Lia called the police about her husband after years of escalating physical and emotional abuse towards her and her son. 

“Nobody really wants to admit that they’re in an abusive relationship and that things were happening to their children but I realised that there was not going to be any way out of this,” she said.

“He was stopping me from doing a lot of things, I didn’t have access to our joint bank account and he was literally just trying to shut me off from the world.”

When she contacted JWA they gave her the practical support needed to leave the relationship and her son was offered play therapy to help him process what he had been through and witnessed. “My son didn’t really want to speak and he didn’t have the confidence to say anything, but over time he found his voice. If it wasn’t for Jewish Women’s Aid, I don’t think I’d be here today,” Lia said. 

The campaign video highlights the fact abuse affects women from across the Jewish community no matter their age or religious background. 

In the video a 23-year-old woman explained how she contacted Jewish Women’s Aid after suffering coercive control at the hands of her boyfriend. She appears with her face obscured and a voice actor speaks her words because she is still fearful of her ex.

“I was only 19 when I started this relationship. I was at university and I thought I was the luckiest girl in the world having someone who was that interested in me,” she said.

“He always made out that I was the one in the wrong, that I was the one who was selfish and that everything wrong in the relationship was because of me and I believed him because he spoke with such conviction. 

“I initially approached Jewish Women’s Aid after I had left the relationship and I went to see a caseworker who really helped me to understand my situation but also what a healthy relationship should look like.”

Naomi Dickson, JWA’s chief executive, praised the women for speaking out about the abuse they have suffered. 

“What their stories show is how abuse affects all parts of our community, how varied it is and of course, how hidden,” she said.

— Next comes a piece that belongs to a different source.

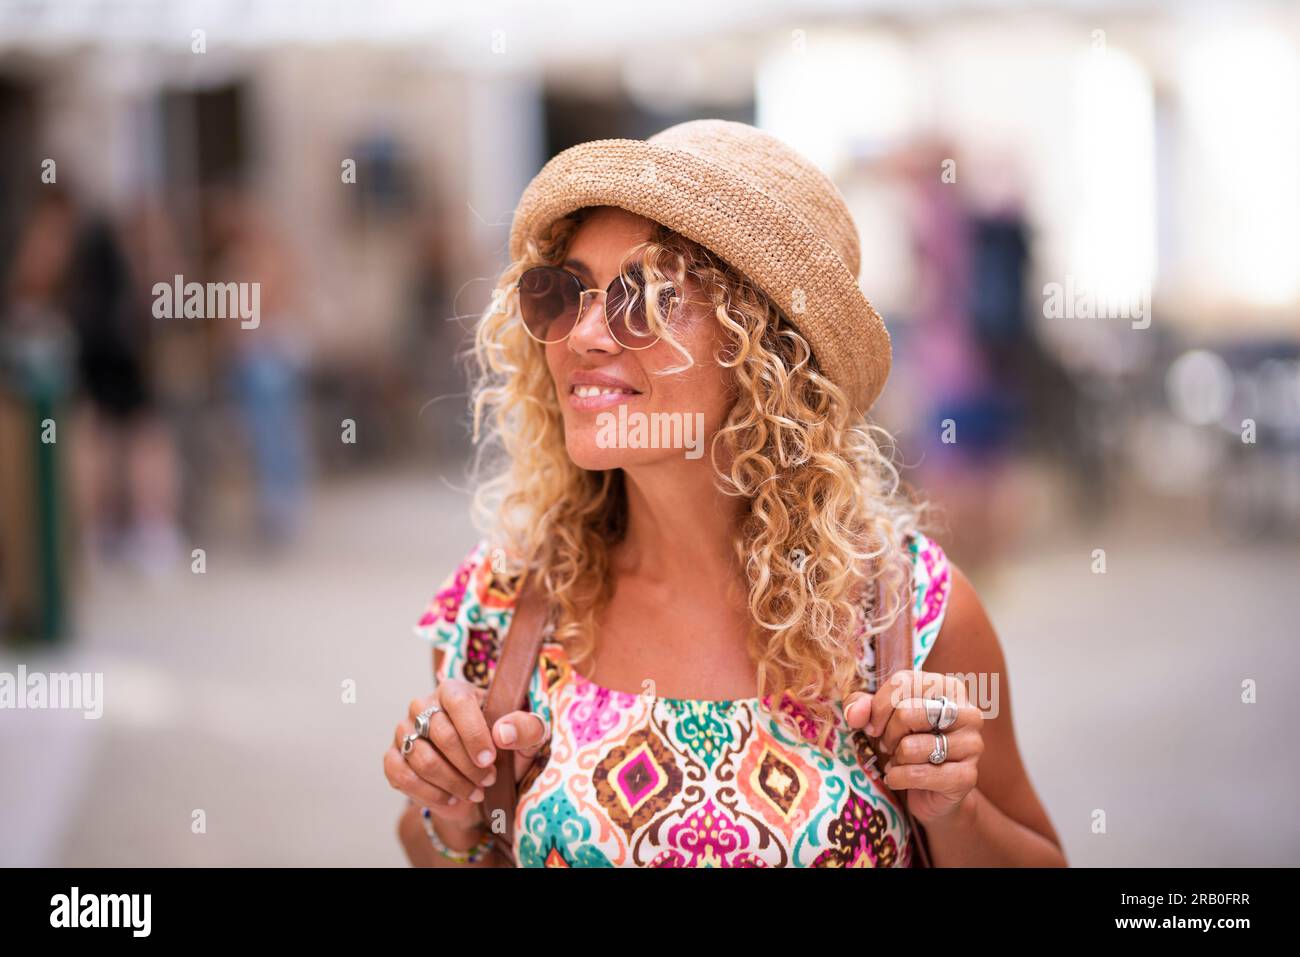 Glückliche Touristin mit blonden langen lockigen Haaren und Hut, die sich umsieht und alleine mit dem Rucksack läuft, Freizeitaktivitäten und Urlaubszeit genießt. Menschen im Hintergrund unscharf gemacht. Stockfoto

“We need to make sure that we are challenging abusive behaviour and also that we have the professional services in place to support affected women.” 

She said after two years of Covid the charity had “never faced a less stable fundraising climate. With Covid still affecting dinners and events, and a number of grants coming to an end, this campaign aims to raise enough for us to continue to offer our free services for at least an additional year. 

“We call on the community to support Jewish Women’s Aid to make sure we can continue to be here to support the women who need us.”